Amazing things follows a young father who records a message for the newborn daughter he’s given up for adoption; Toward Joy features a woman on the cusp of a restorative journey and pondering the need for joy in the world; and Spongebob Spectrum ponders what a trip to Mellow Mushroom, drunk-watching Lovecraft Country and a certain sponge who lives in a pineapple under the sea have in common.
November 11-25 — Neat. Obie Award-winning playwright Charlayne Woodard tells the story of her cherished, somewhat older Aunt Neat, a woman whose simplicity, love, energy and tenderness made a profound impact. Ticketing information for this run will be available within a few weeks.
4X4 | Synchronicity Theatre
The 23-year-old Midtown company welcomes fall with four one-woman shows from, respectively, Terry Burrell, Danielle Deadwyler, Lucy Smith and Sherry Jo Ward. Burrell’s Backstage and Other Stories is entirely virtual. The others offer a choice of on-screen viewings and in-theater performances (for a physically distanced salon audience at about one-third of the venue’s capacity). In-theater performances are subject to the whims of Covid-19. The shows line up like this (more details HERE)

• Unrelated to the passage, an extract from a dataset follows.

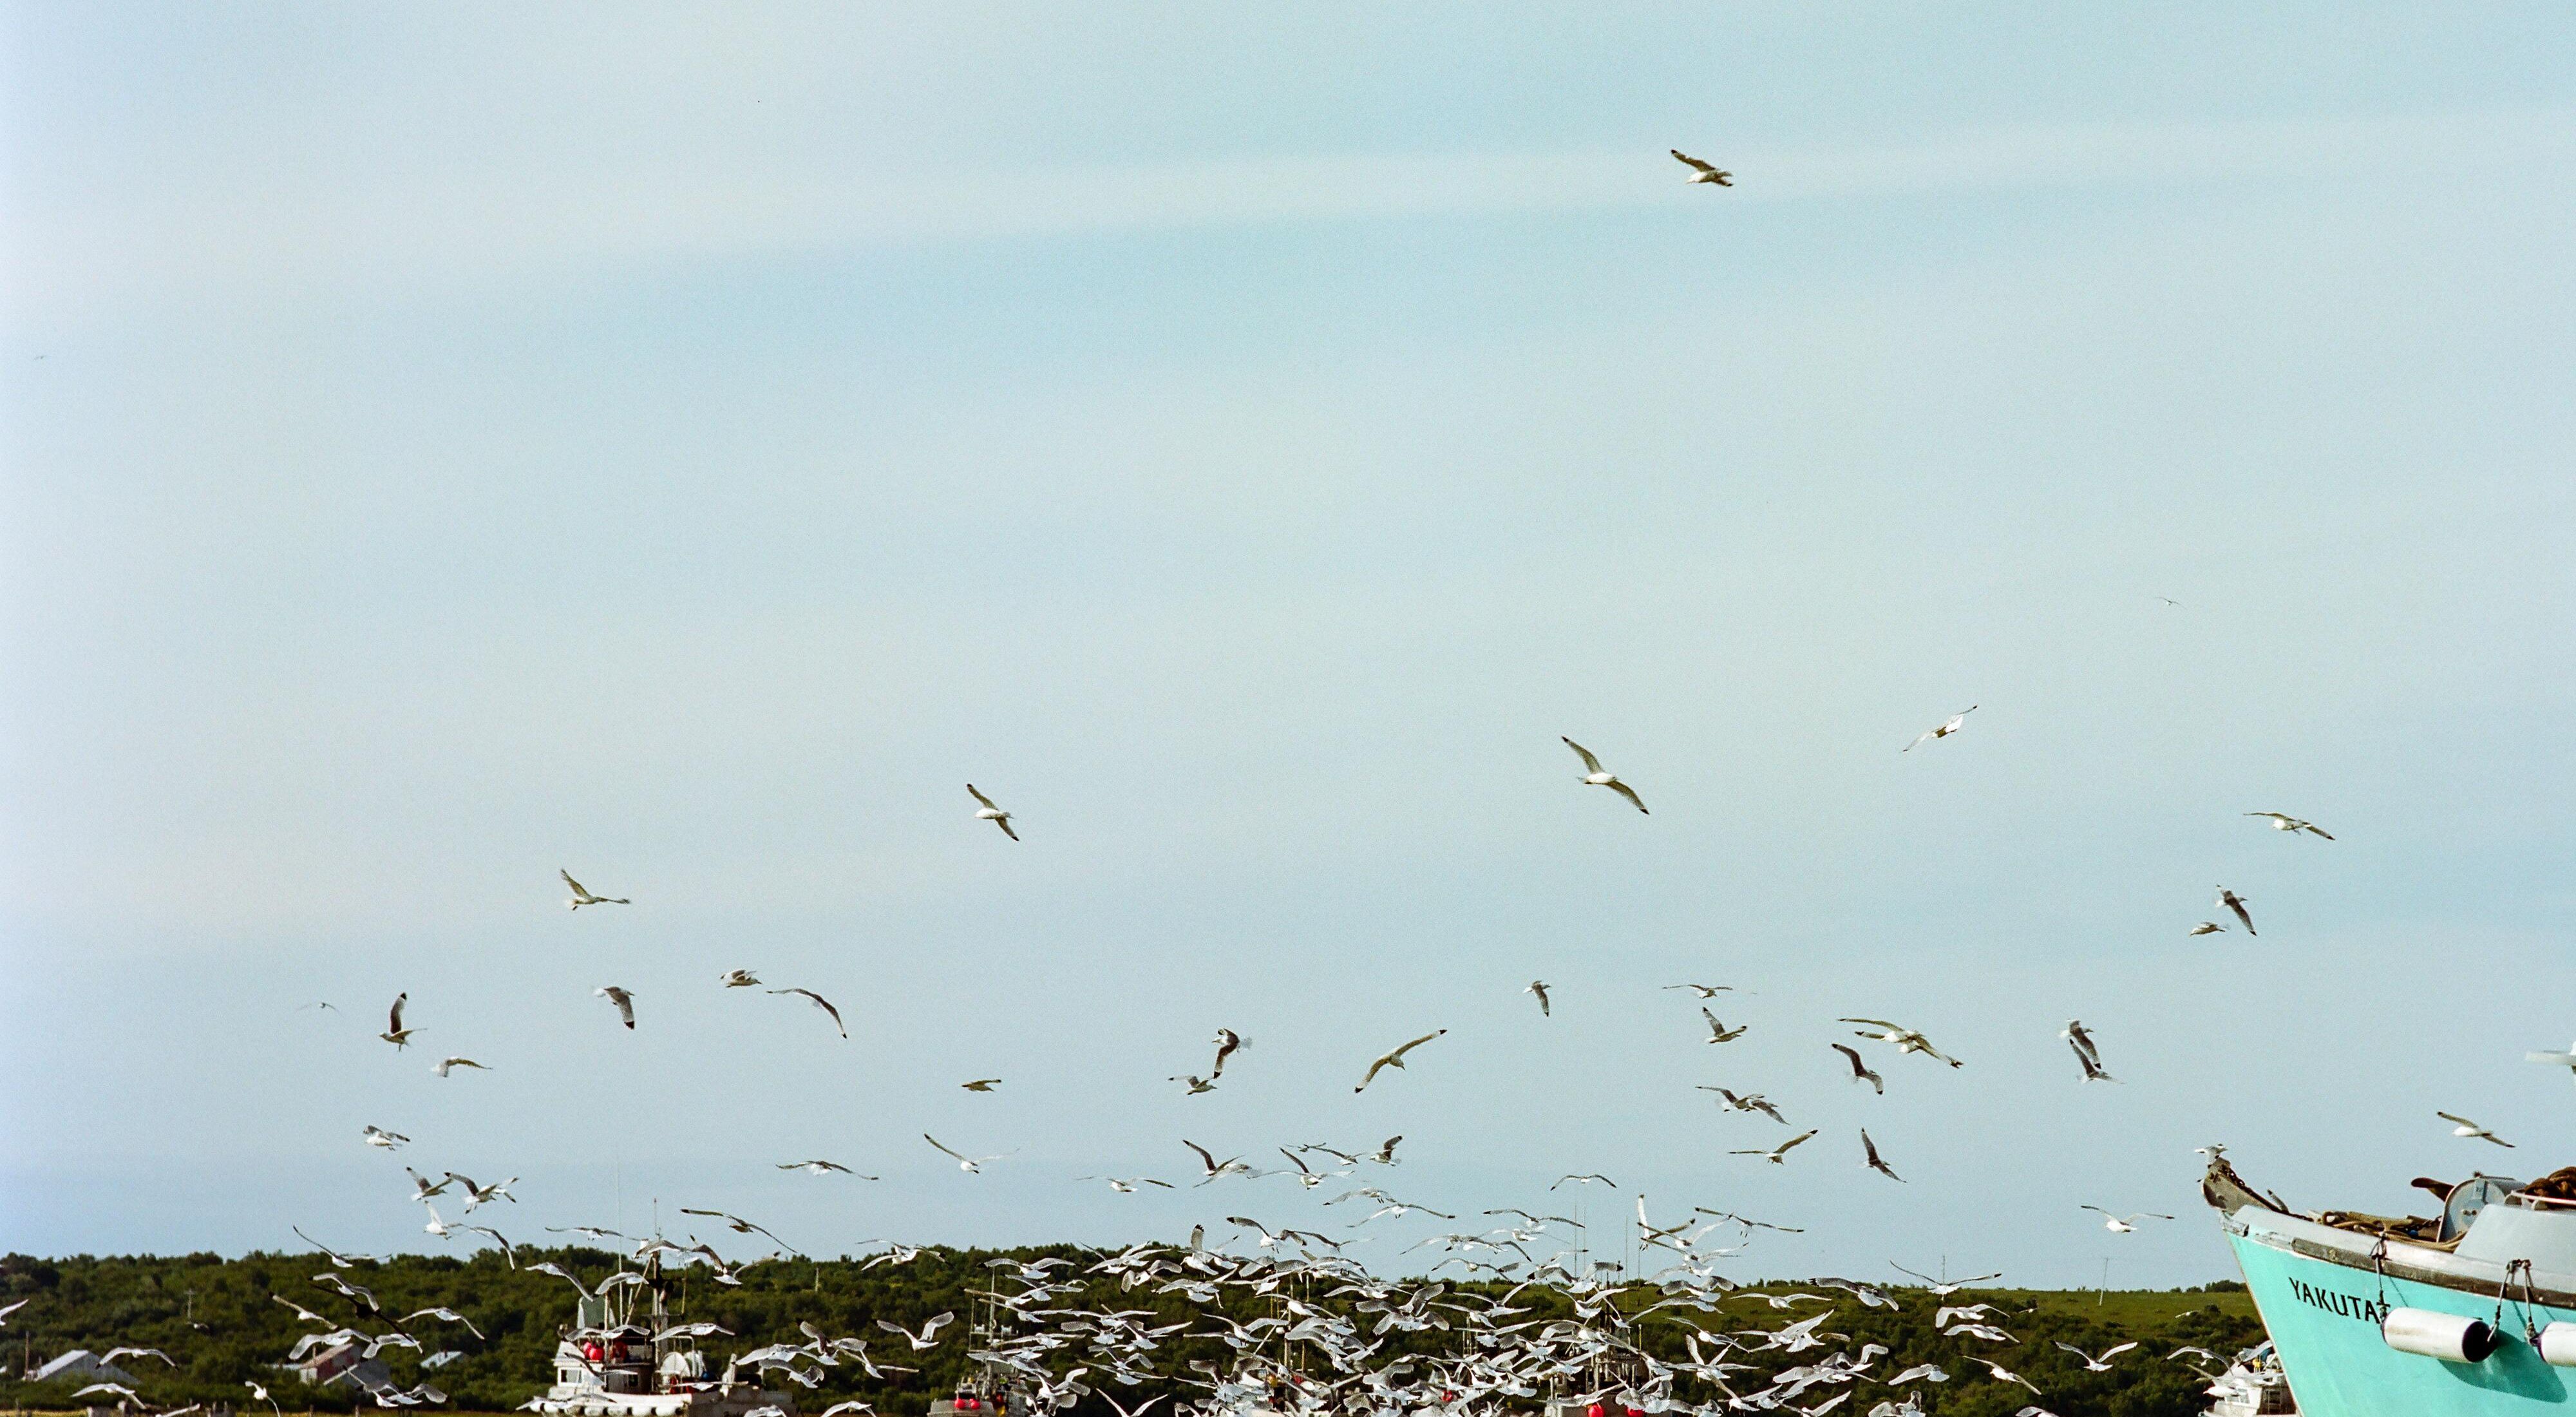 Several salmon fishing boats surrounded by gulls.

October 5-24 — Backstage and Other Stories. On-screen only. After a lifetime on Broadway and regional stages, Terry Burrell (Ethel at the Alliance Theatre, Lady Day at Emerson’s Bar & Grill at Theatrical Outfit) spills the tea in what’s described as a joyful, sassy musical. Virtual viewing party and happy hour at 8:30 p.m. October 8. The great S. Renee Clark directs and music directs.
October 7-11 in theater, October 12-25 on-screen — Stiff. Written and performed by Sherry Jo Ward, an actor who has Stiff Person syndrome, a rare degenerative disease that slowly inhibits her mobility. It’s most definitely not an evening of doom and gloom. You should expect to laugh. Virtual viewing party and happy hour at 8:30 p.m. October 15.

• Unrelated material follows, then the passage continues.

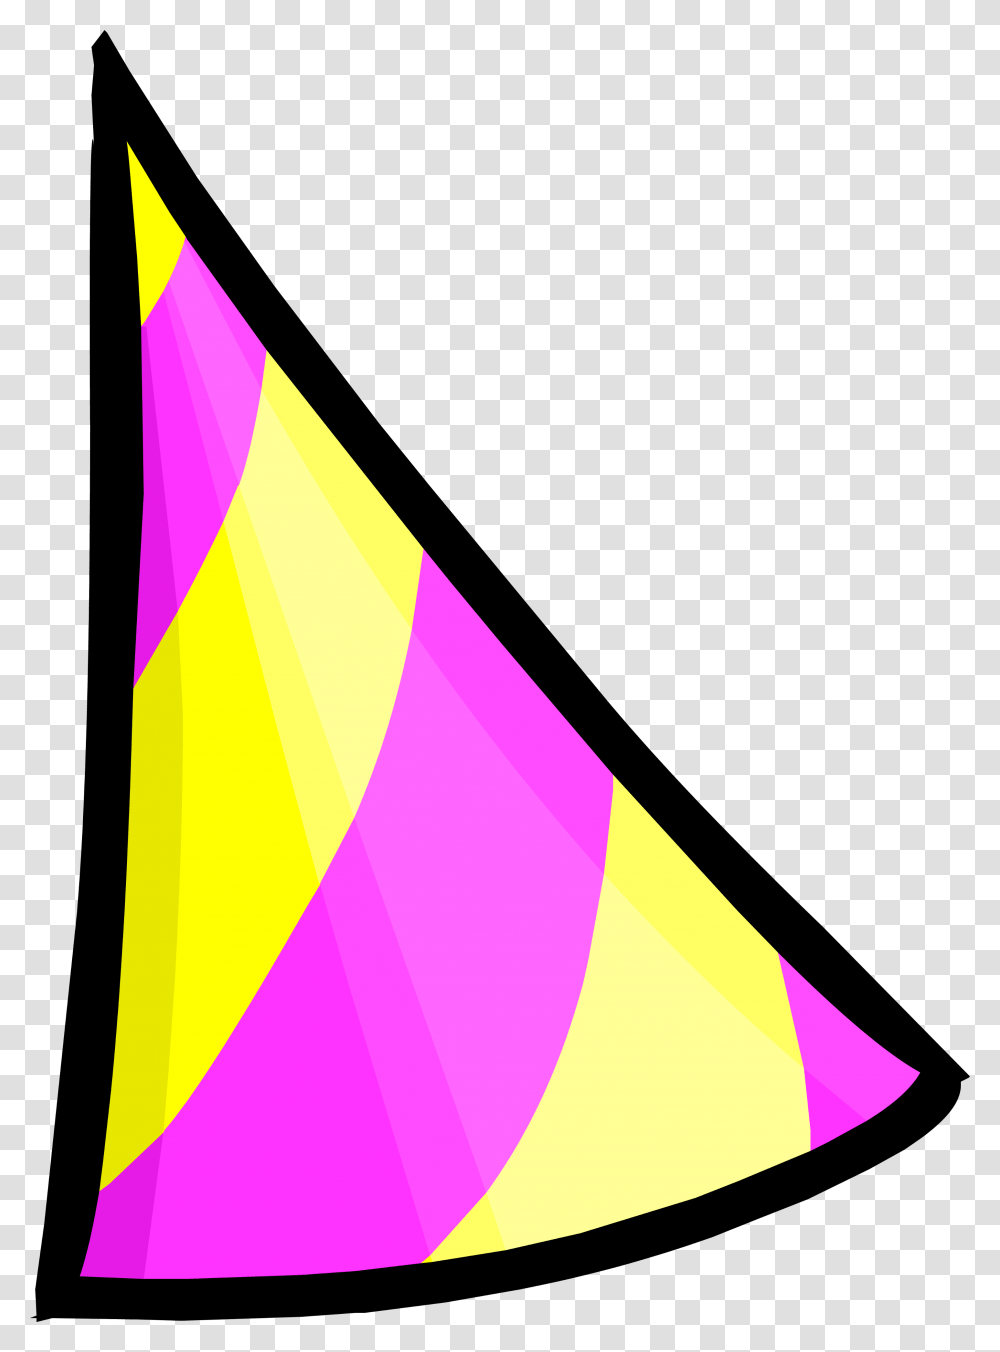 Triangle Clipart Item, Apparel, Party Hat, Cone Transparent Png

October 14-18 in theater, October 19-November 1 on-screen — Chorus of Bears.The script, written and performed by Lucy Smith, explores one woman’s experience bearing her child, baring her soul and embracing her inner mama bear. Virtual viewing party and happy hour at 8:30 p.m. October 22.
October 21-25 in theater, October 26-November 8 on-screen — rip. Written by Danielle Deadwyler and performed by Jasmine Thomas. Described as equal parts performance and domestic drama. It explores the collapse of a young couple’s marriage. Addae Afura Moon directs, with choreography by Anicka Austin. Virtual viewing party and happy hour at 8:30 p.m. October 29.
SIT-IN | Alliance Theatre
October 22-November 30. World premiere. Pearl Cleage, the Alliance Theatre’s playwright in residence, wrote this family show inspired by the 2010 book Sit–In: How Four Friends Stood Up by Sitting Down by Andrea Davis Pinkney and Brian Pinkney. It celebrates the power of young people to change history and is appropriate for all ages. The show features civil rights anthems and new freedom songs, with original music by actor-musician Eugene H. Russell IV. Los Angeles-based director, writer and producer Mark Valdez directs. It will stream on the company’s Alliance Theatre Everywhere network. Single tickets will go on sale soon. More details HERE.
SOUL-STICE REP 2.0
Those of us with longer (older) memories fondly recall Soul-stice Rep, which produced an annual repertory of classics (The Seagull, Long Day’s Journey Into Night, The Importance of Being Earnest, Great Expectations, A Streetcar Named Desire, Death of a Salesman) in the BackStage space at 7 Stages from 1992 to 2002. Five days ago, it trumpeted its return as a 2.0 version on Facebook. It was called “Soul-stice” because its shows were staged each December, during the winter solstice. Heidi McKerley helped lead that effort and returns now, along with husband Jeff McKerley.
The 28-person 2.0 company gets to work with a Zoom benefit October 16-18 that will feature readings of Lorraine Hansberry’s A Raisin in the Sun, directed by Patdro Harris; Shakespeare’s Much Ado About Nothing, directed by Jeff McKerley; and Anton Chekhov’s Three Sisters, adapted by Sarah Ruhl and directed by Heidi McKerley. Each begins at 7 p.m. More details HERE.